In 1952, in collaboration with Shelia Lodge, Elsie Burrows, and Harry Powell, she studied the coastline of Fair Isle, one of the Shetland islands, discovering that the intertidal zonation differed from other rocky shores around the United Kingdom due to the severe wave action and high local humidity.
In 1952 she was a co-founder of the British Phycological Society and later served as its president from 1965 to 1967. From 1967 to 1969 she was president of the Andersonian Naturalists of Glasgow, and vice-president of the Botanical Society of Edinburgh. She was elected a Fellow of the Royal Society of Edinburgh in 1967. Between 1955 and 1965, Conway was the editor of the British Phycological Bulletin.
After her retirement from Glasgow, Conway undertook a visiting professorship at the University of British Columbia between 1969 and 1970, and then, from 1970 to 1972, a professorial fellowship at the University of Otago, producing a taxonomic list of Stewart Island algae. She returned to British Columbia between 1972 and 1974 for further study of the genus Porphyra in Canada's northeast Pacific region.
Family and later life
On 28 June 1928 she married Geoffrey Seymour Conway, an England rugby union player and son of Robert Seymour Conway, at the Church of St Mary's-without the-Walls, Chester.

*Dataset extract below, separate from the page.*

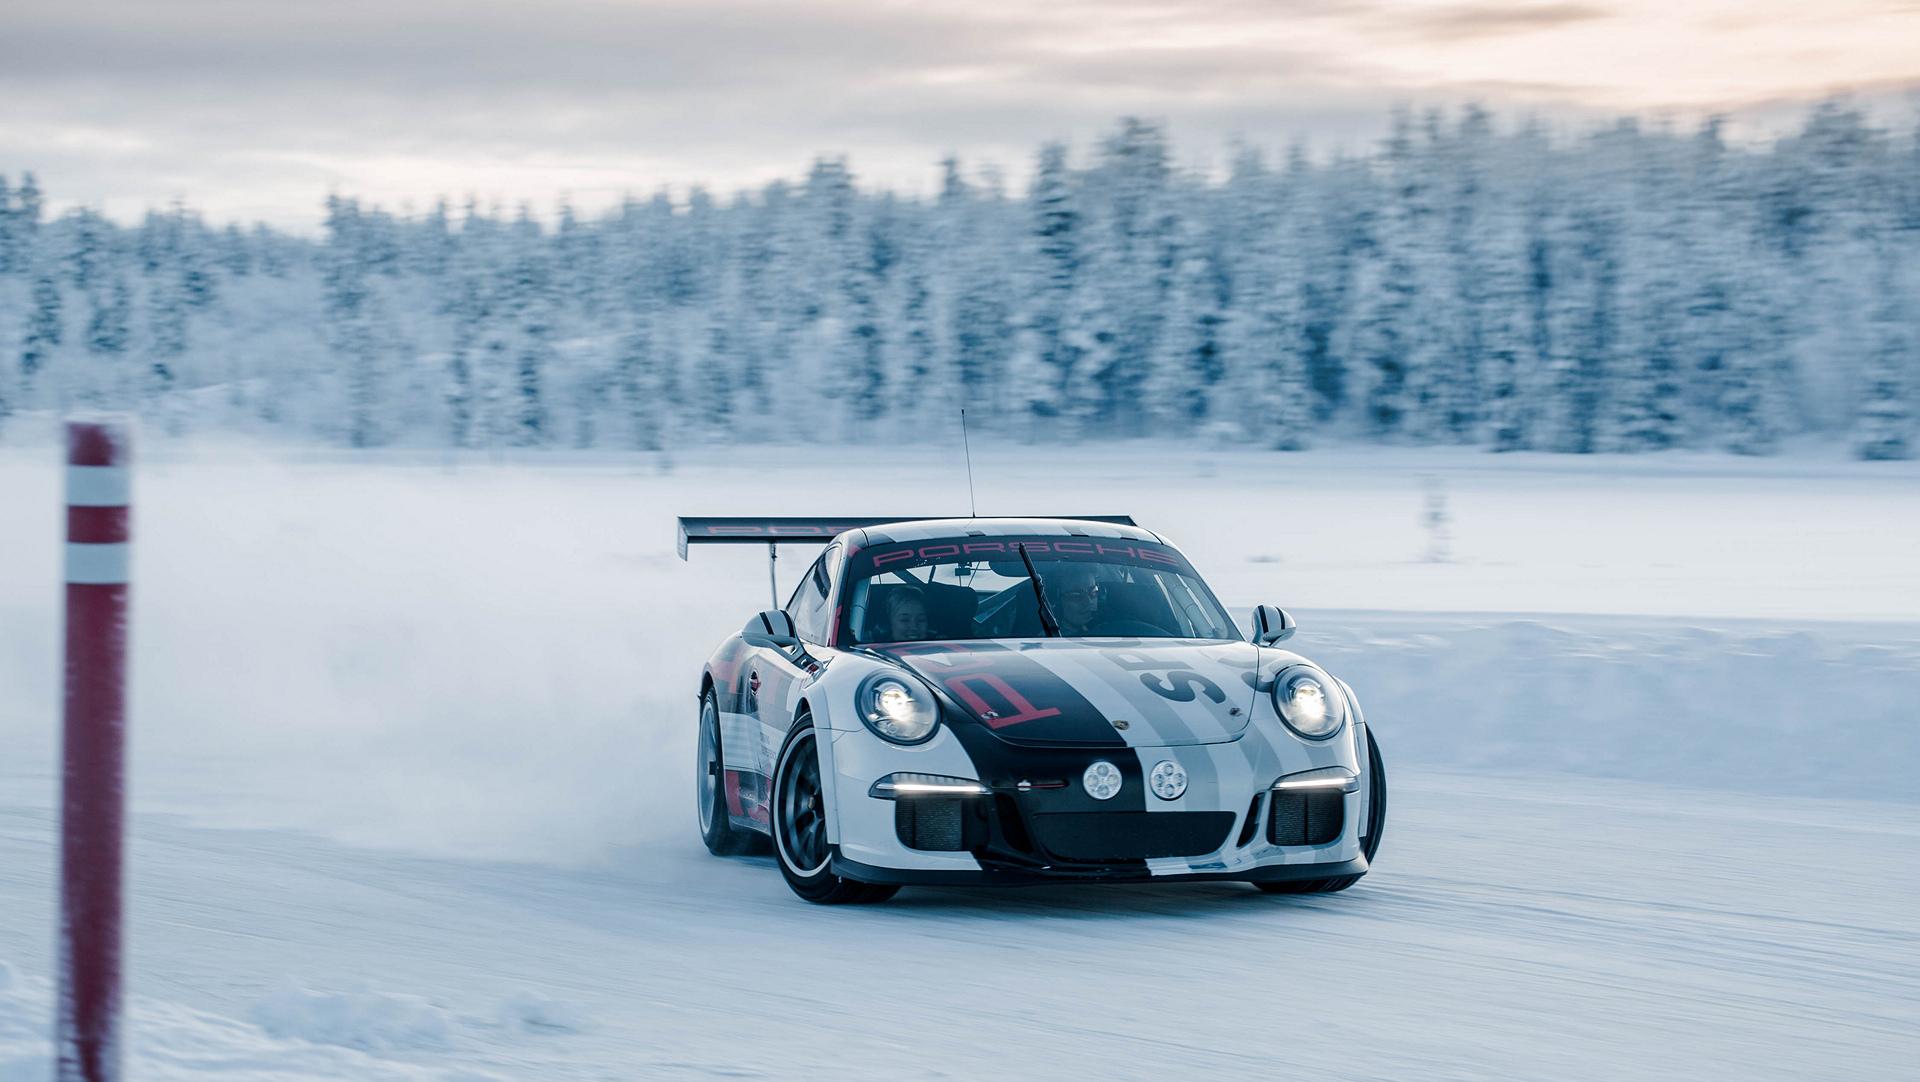 Ice Cold Driving Pleasure With Porsche Carrrs Auto Portal

They had three sons. The eldest, John Conway, became a professor of history at the University of British Columbia. The second, Robert Conway, was a senior lecturer in radioastronomy at University of Manchester and the third son, Martin Conway, was president of the Selly Oak Colleges in Birmingham.
The couple divorced in 1948.
In later life she returned to live in Chester and died on 22 July 1992.